START Recorded data

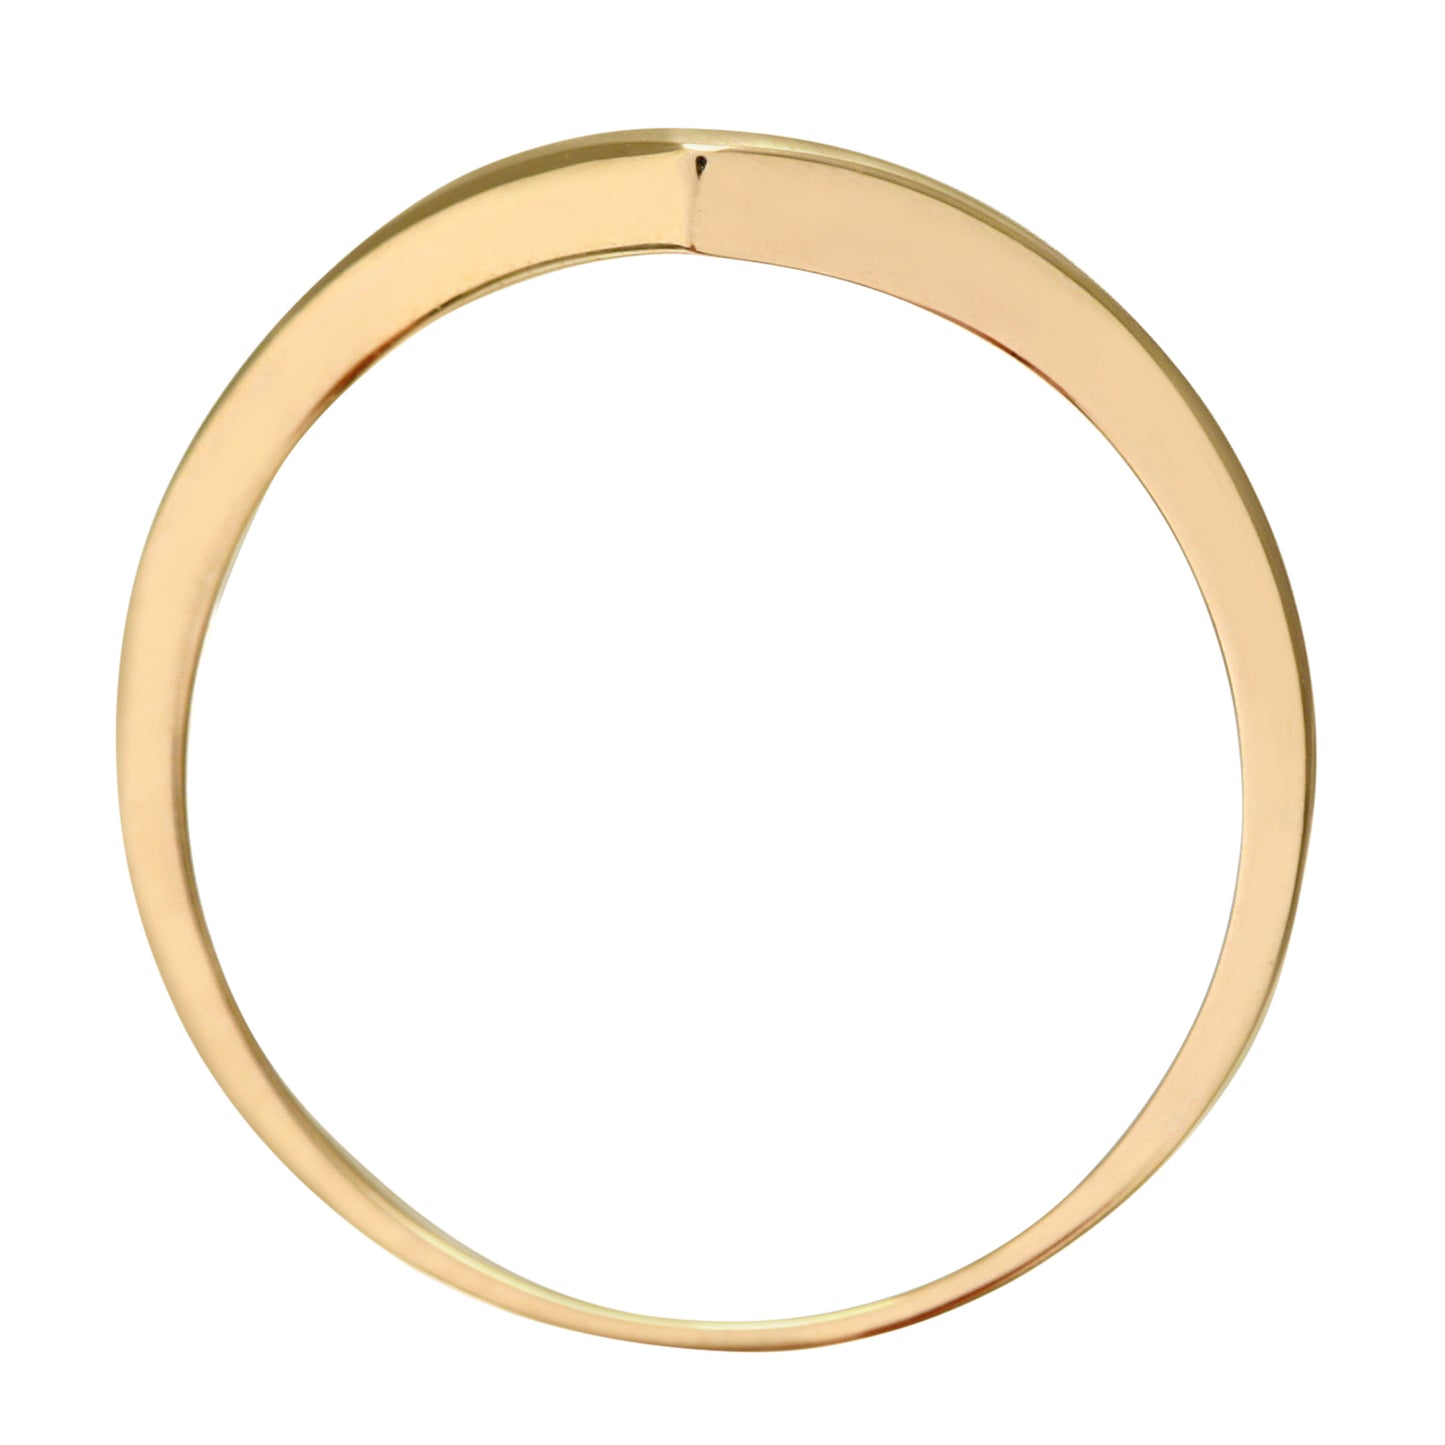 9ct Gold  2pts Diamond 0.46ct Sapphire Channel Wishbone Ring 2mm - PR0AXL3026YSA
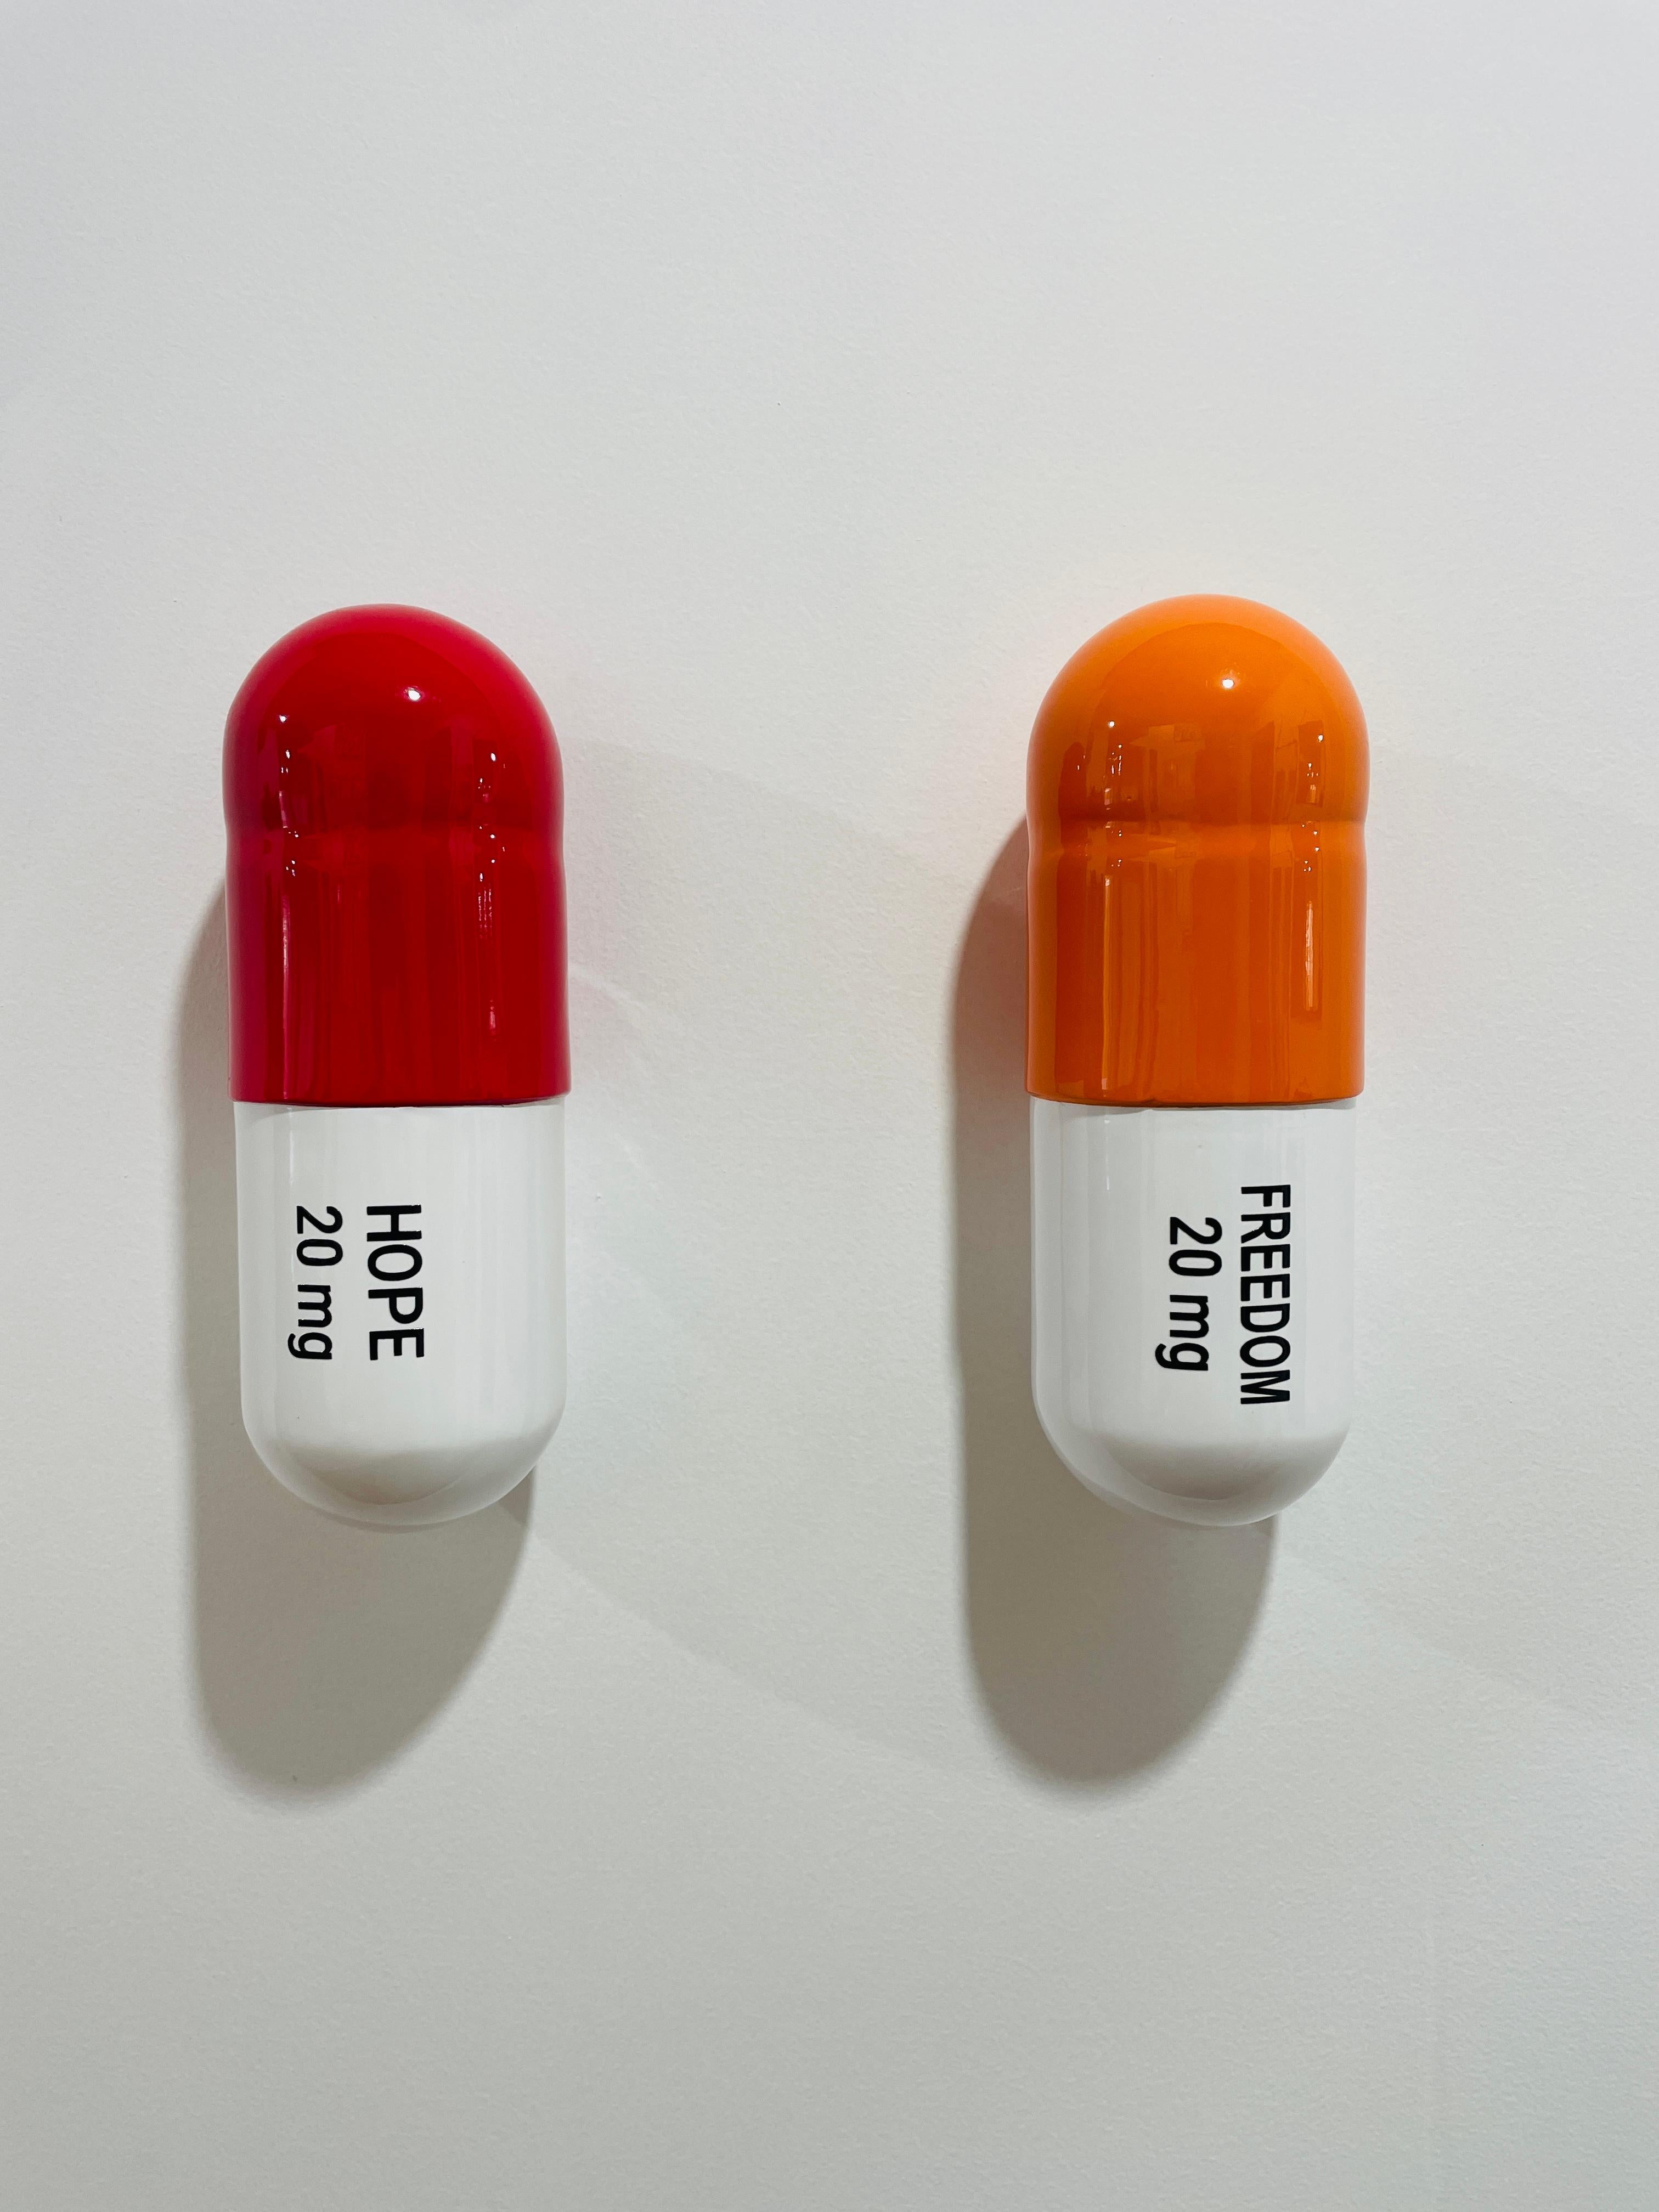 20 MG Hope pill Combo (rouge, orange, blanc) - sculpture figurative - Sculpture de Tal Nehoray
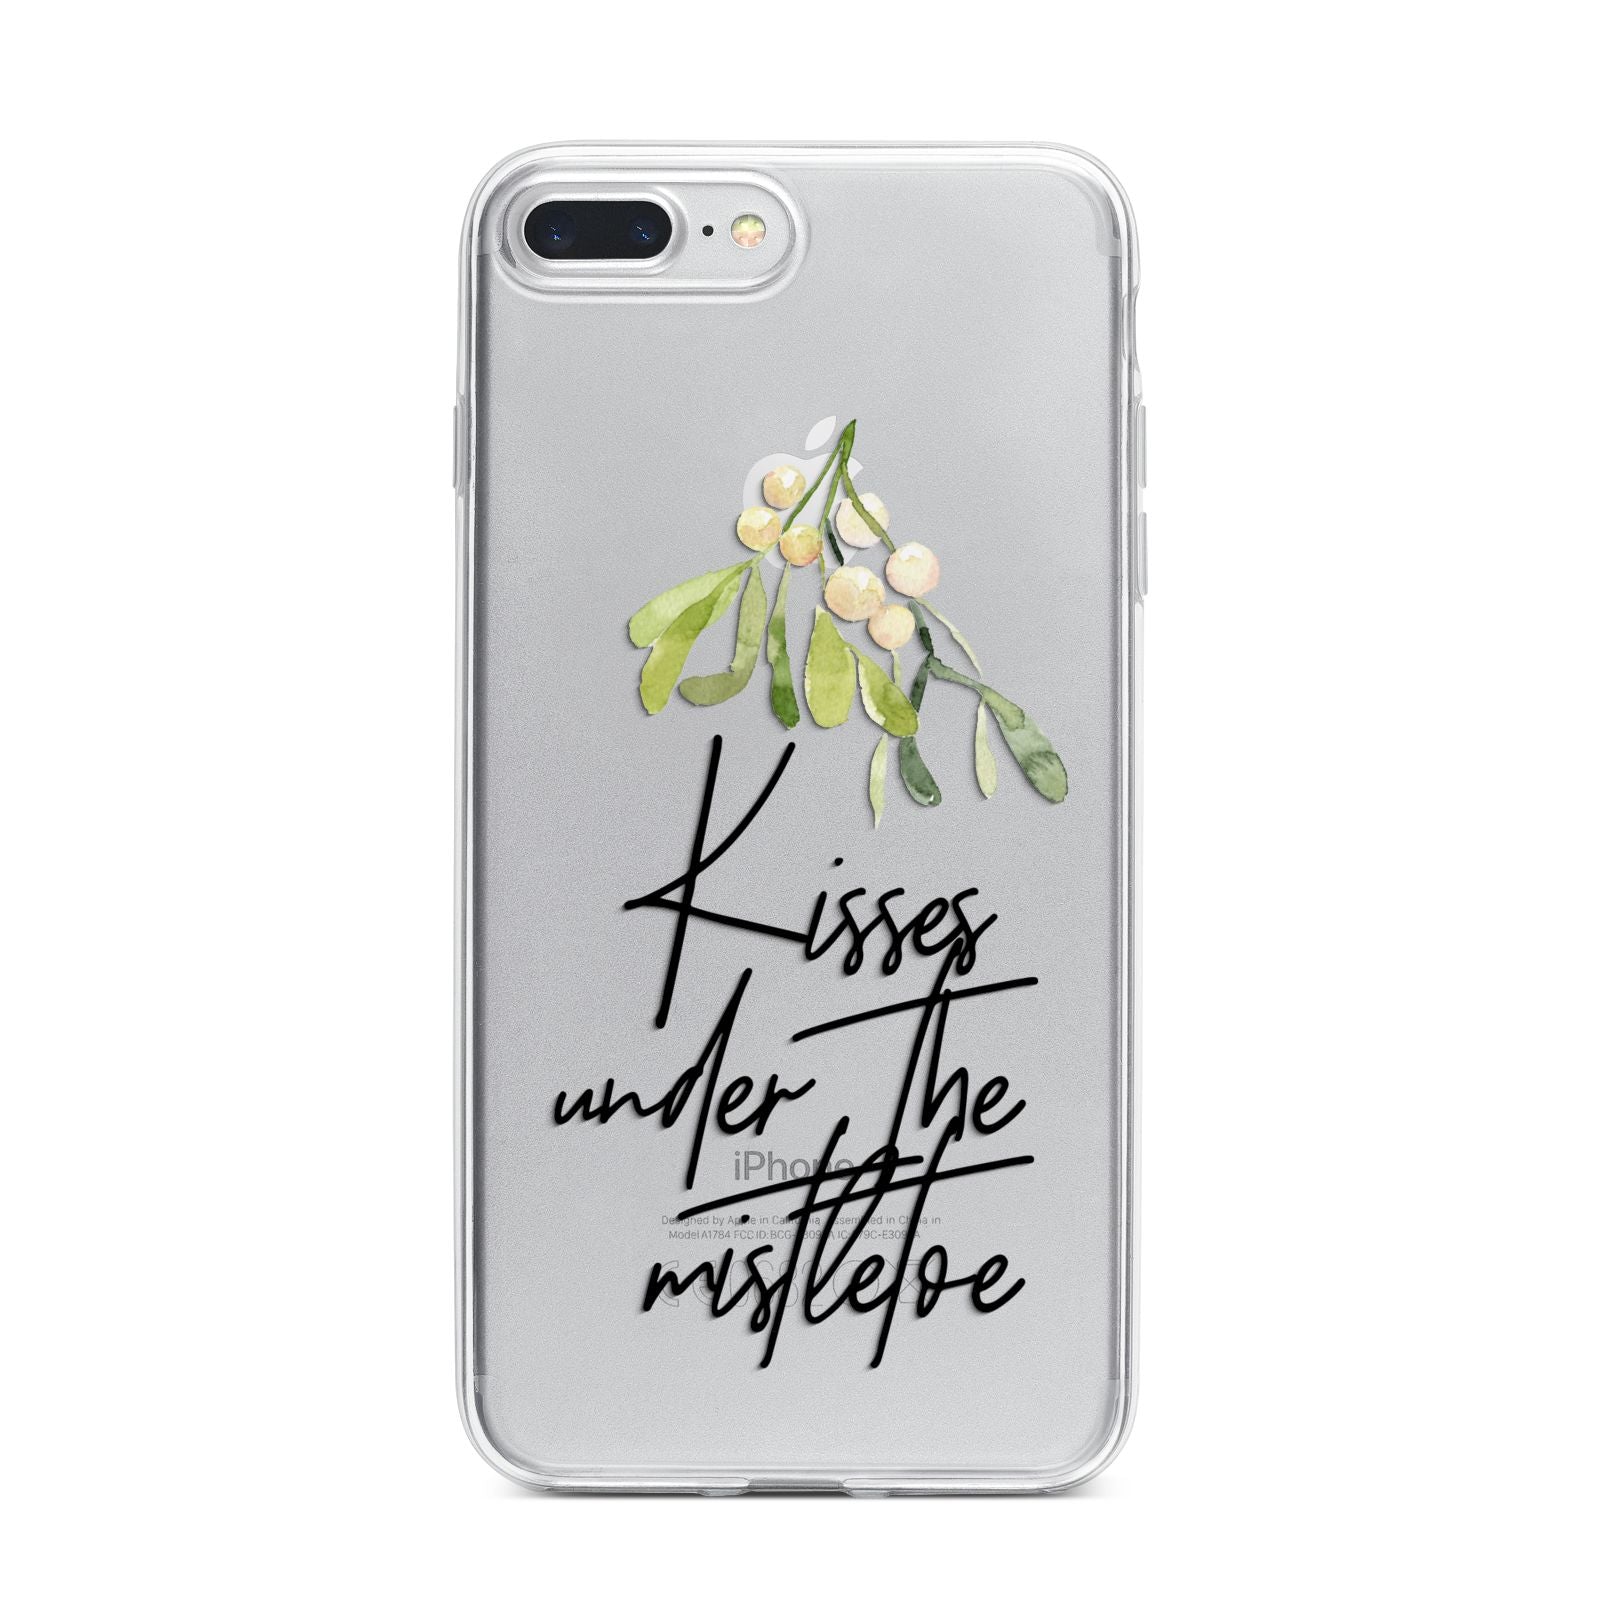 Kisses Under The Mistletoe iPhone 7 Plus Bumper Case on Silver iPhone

END Recorded data

Your assignment: Set down exactly, line for line, the data from the line that contains "20 MG Hope pill" through its last line, keeping pictures out.

Answer box:
 20 MG Hope pill Combo (rouge, orange, blanc) - sculpture figurative - Sculpture de Tal Nehoray
 Kisses Under The Mistletoe iPhone 7 Plus Bumper Case on Silver iPhone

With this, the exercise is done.